Jason Edward Carter (born September 15, 1982) is a former professional football wide receiver. He played for the Minnesota Vikings and Carolina Panthers of the National Football League (NFL). Carter played college football at Texas A&M.

==Early life==
As a senior at Caldwell High School, Carter threw for 1,087 yards and rushed for 599 as a quarterback.

==College career==
Carter played at Texas A&M as a QB/WR from the 2002–2005 seasons. During his four seasons on the team he had 6 receiving TDs and 5 rushing TDs.
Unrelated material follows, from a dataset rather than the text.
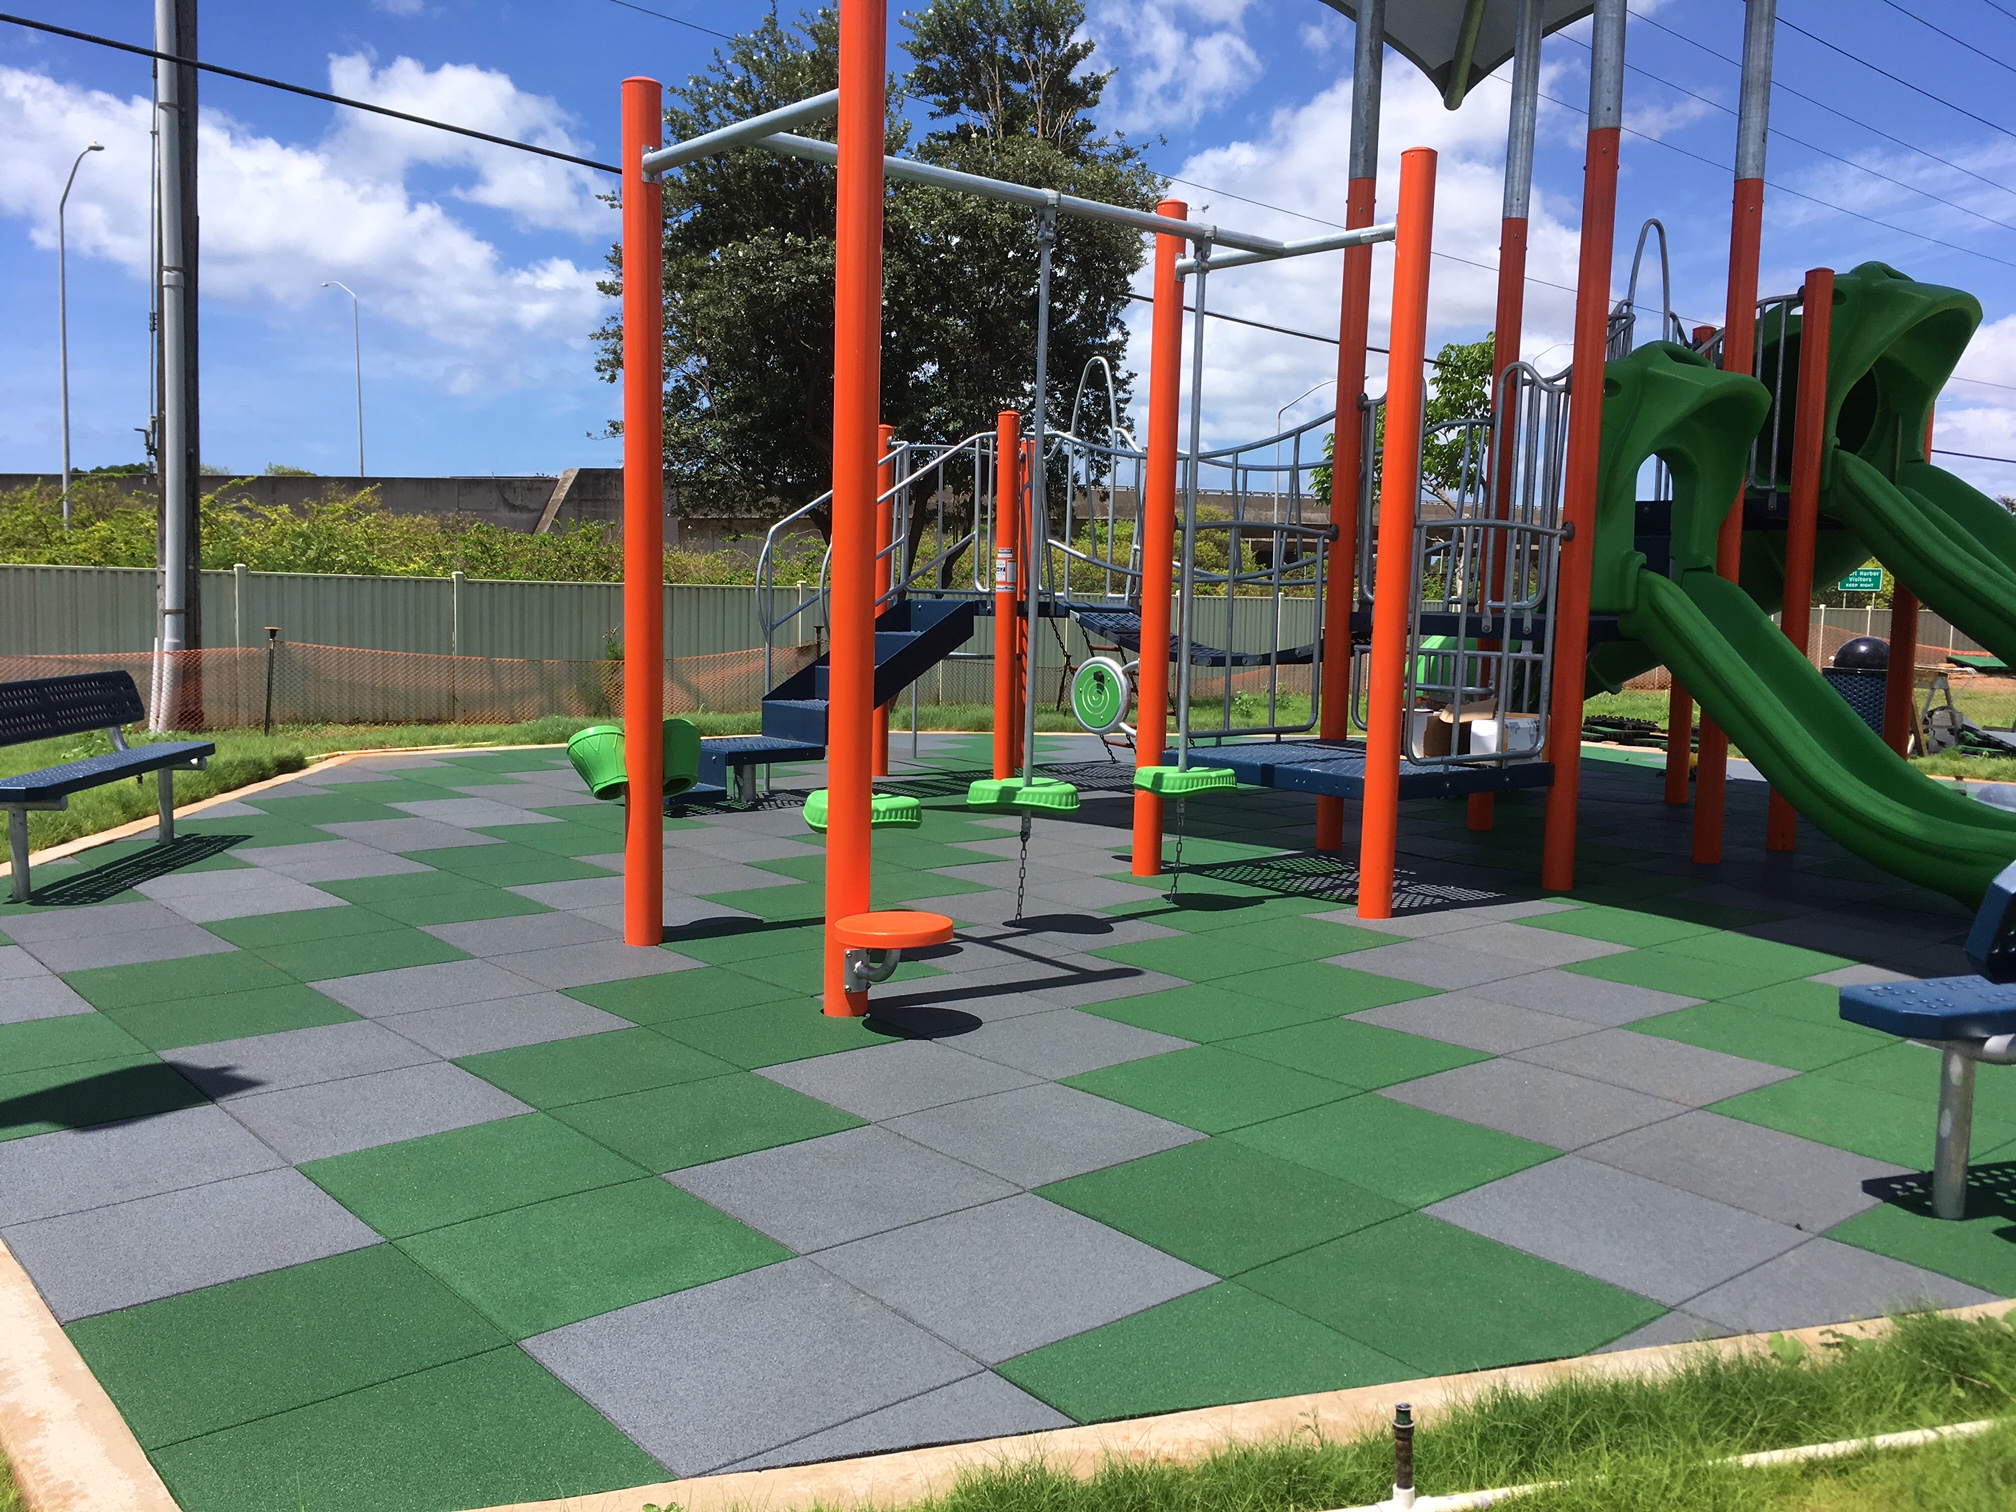 UNITY'S Soft-Land Series at this military base playground

He majored in agriculture and life sciences.

==Professional career==

===Minnesota Vikings===
Carter entered the NFL as undrafted rookie free agent, signing with the Minnesota Vikings in 2006. He signed with the team on May 3, 2006. He spent time on their active roster and practice squad throughout the 2006 season. He only saw playing time during the final game of the season against the St. Louis Rams, though he failed to make any receptions. He attended training camp with the Vikings in 2007 but was cut at the end of camp.

===Carolina Panthers===
He was signed to the Panthers practice squad on September 3, 2007, and 2010.

In the Panthers' 2008 offseason practices, Carter's play has stood out. Carter later tore his ACL and was placed on injured reserve ending his season.

A restricted free agent in the 2009 offseason, Carter was not tendered a contract by the Panthers. However, the team eventually re-signed him on April 7. He was waived on August 24 when the team signed safety Kevin Kaesviharn.

===Toronto Argonauts===
On September 1, 2009, the Toronto Argonauts of the Canadian Football League signed Carter to a practice roster agreement. Soon after, he would eventually join the active roster. Carter finished the 2009 CFL season with 43 receptions for 535 yards and 1 touchdown. On June 24, 2010, Carter was released by the Argonauts.